Values are means ±s.e.m.*P < 0.05 vs. before tempol detected by paired t test.

Discussion

We found that RSNA and presssor responses to continuous contraction and the RSNA response to intermittent contraction were significantly larger in the MI rats than those seen in the healthy control rats. We also found that intra-arterial injection of tempol, a membrane-permeable SOD mimetic, into the hindlimb circulation reduced the RSNA, AP and HR responses to continuous contraction as well as the RSNA response to intermittent contraction in rats with HF. On the other hand, in the healthy rats, tempol injected intra-arterially did not mediate the RSNA and cardiovascular responses to either continuous or intermittent static contraction.
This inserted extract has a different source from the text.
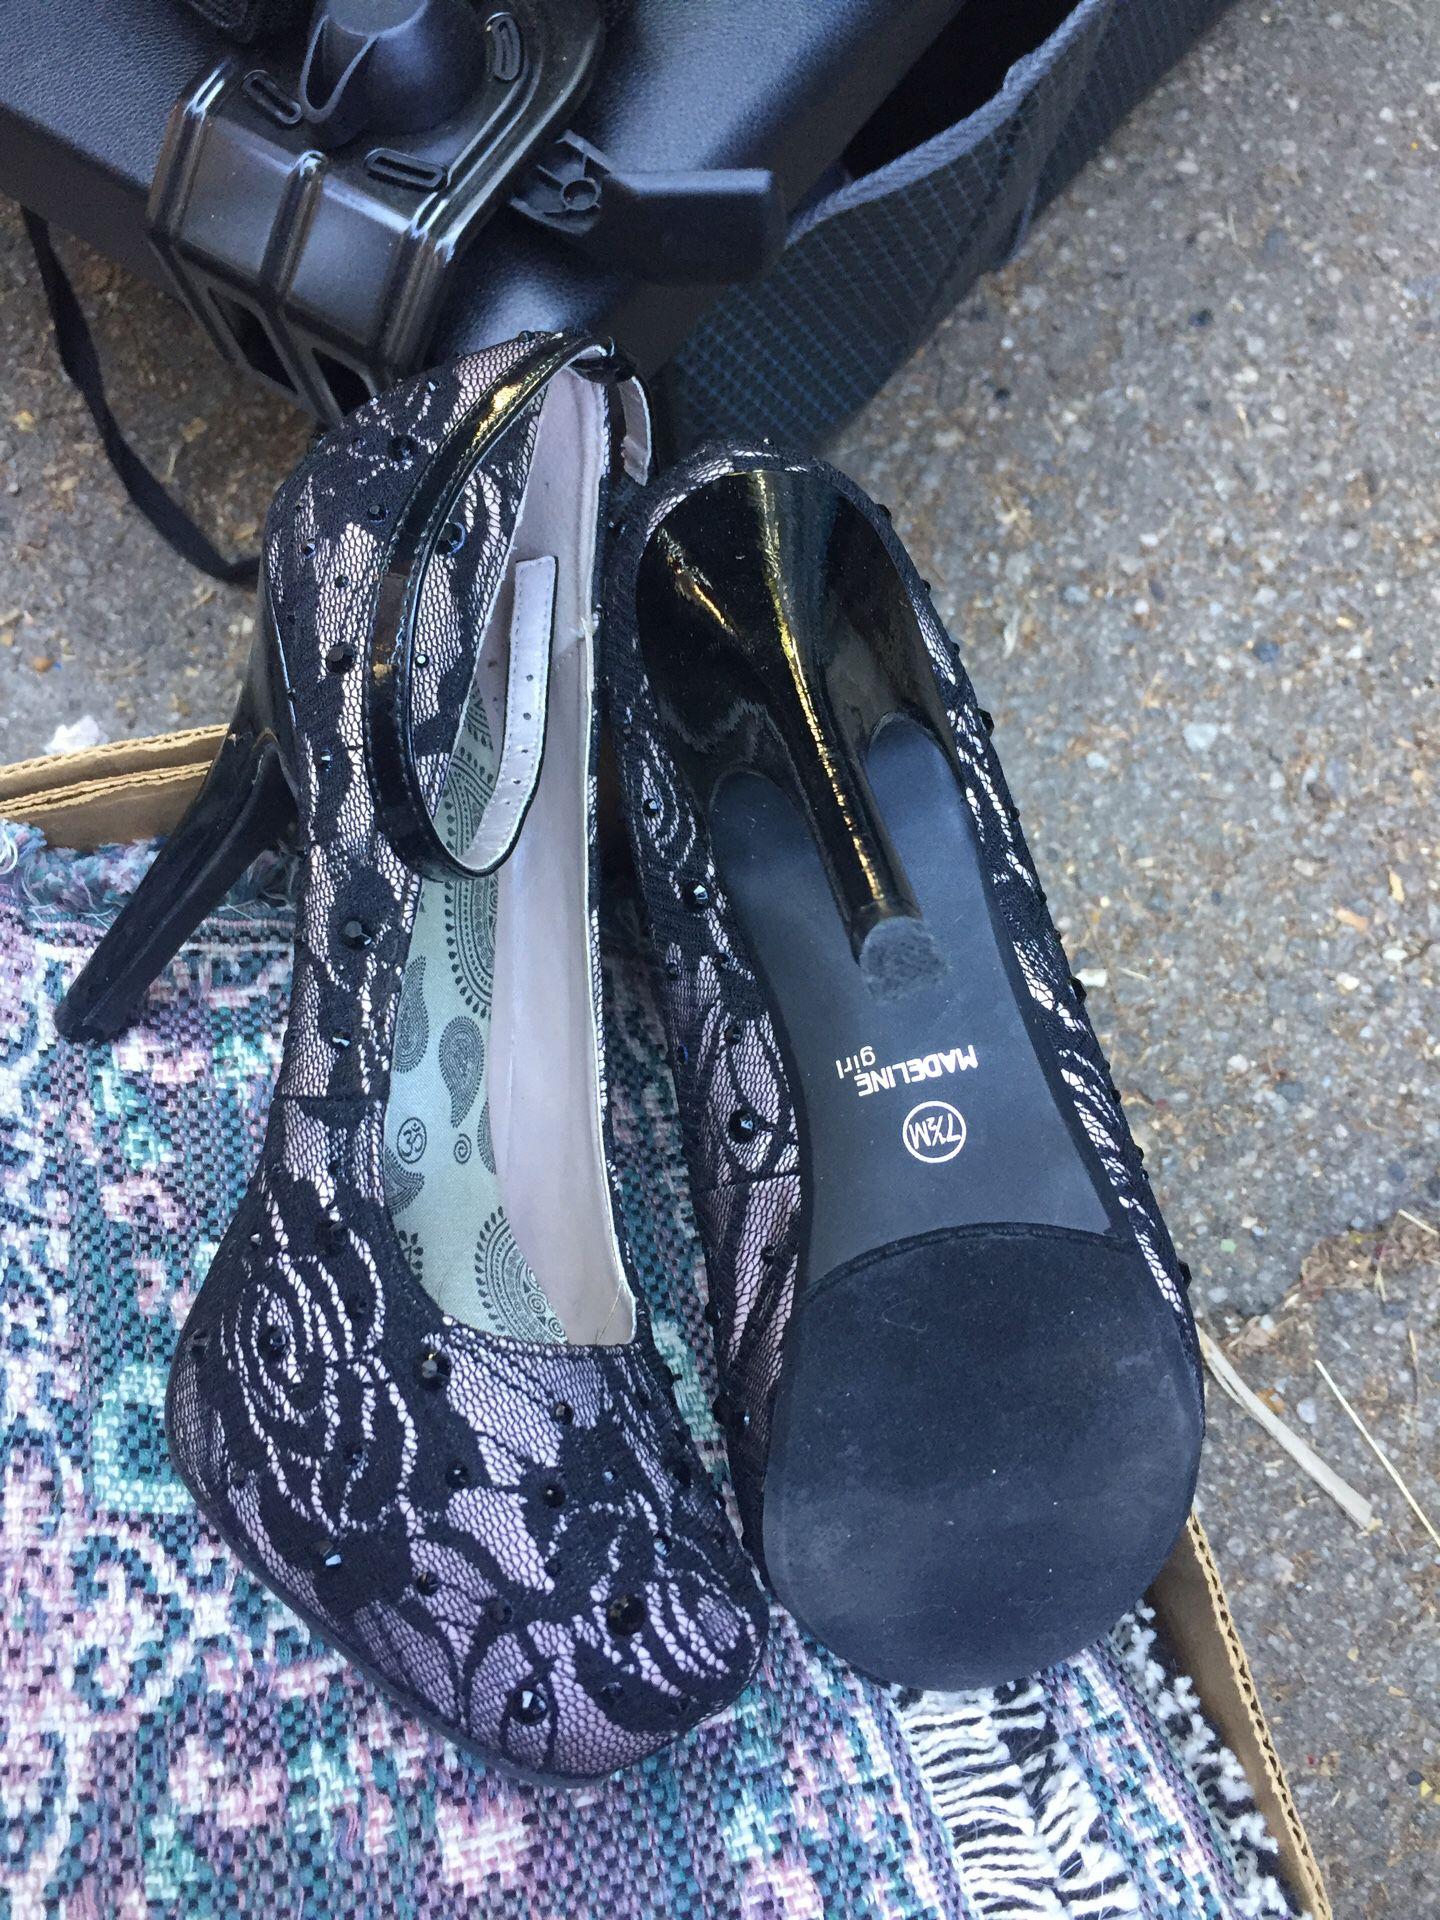 Madeline girl high heal shoes 👠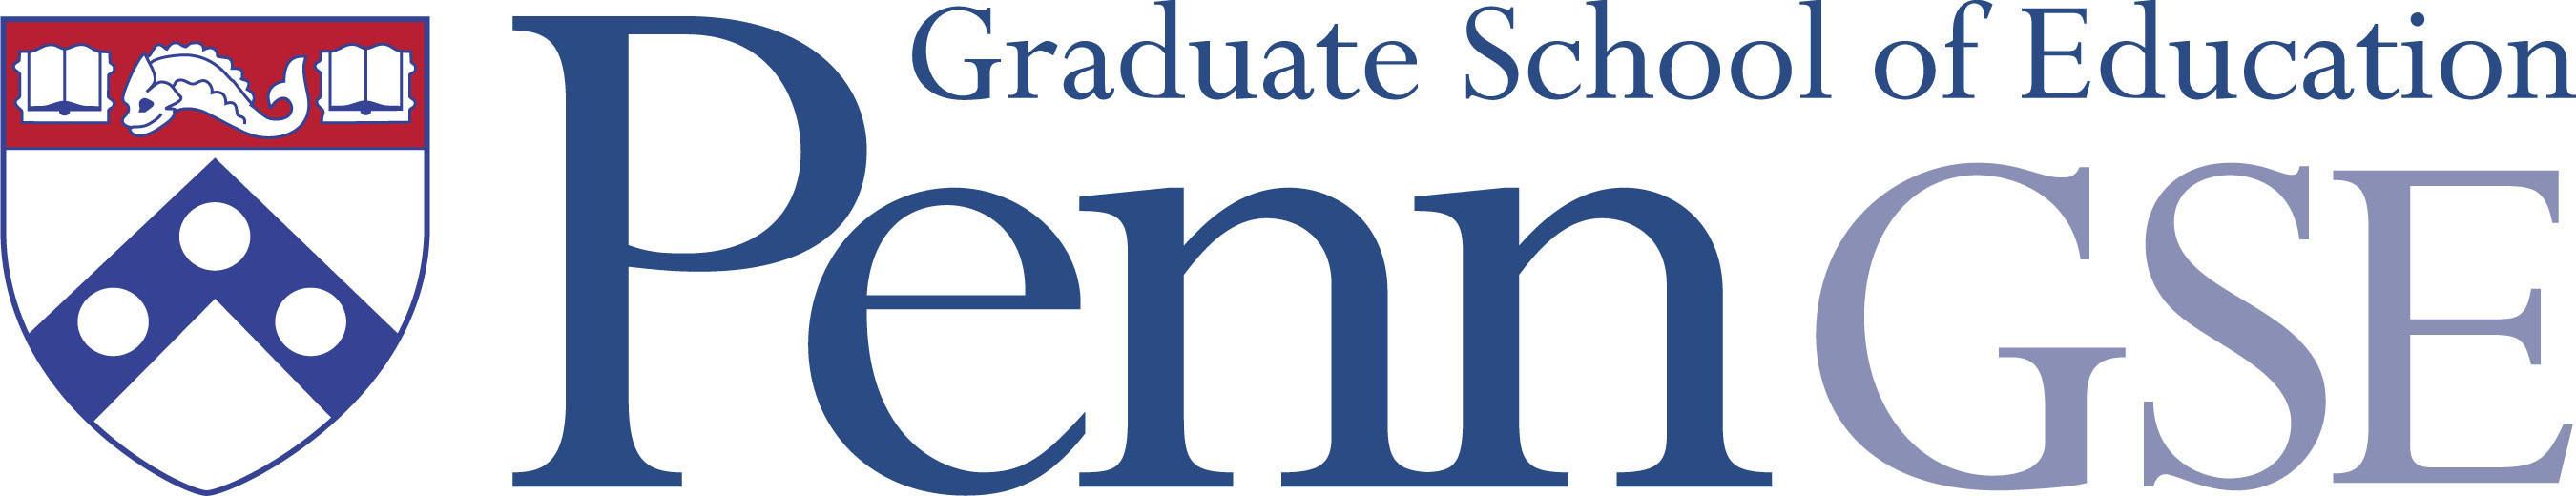 Graduate School of Education (GSE) at the University of Pennsylvania

These data suggest that superoxide in skeletal muscle plays a role in exaggerating the muscle reflex in HF.

We found that the RSNA and pressor responses to 30 s continuous contraction were larger in rats with HF than in healthy rats. Our findings are consistent with previous ones by Smith et al. (2003), showing a larger pressor response to continuous contraction in rats with HF. Additional studies by Smith et al. (2005a,b); and from our laboratory (Li et al. 2004; Koba et al. 2008), as well as human studies (Sterns et al. 1991; Middlekauff et al. 2000, 2001, 2004; Momen et al. 2004) have suggested that the enhanced muscle reflex in HF was due to an increased engagement of mechanically sensitive muscle afferents during contraction; metabolically sensitive afferents appeared to play no role. Moreover, prior work demonstrated that RSNA increases in response to repeated 1 s bouts of contraction were predominantly mediated by mechanosensitive muscle afferents (Victor et al. 1989; Koba et al. 2007, 2008). In our report, we showed that the RSNA response to repeated 1 s bouts of contraction was greater than the response seen in healthy controls. Since the RSNA response to intermittent contraction as well as RSNA and pressor responses to continuous contraction were reduced by tempol injected intra-arterially in HF rats, we believe that excess superoxide in skeletal muscle of HF sensitizes mechanically sensitive muscle afferents engaged during contraction. We further suggest that this sensitization helps exaggerate the sympathetic nerve component of the muscle reflex in HF.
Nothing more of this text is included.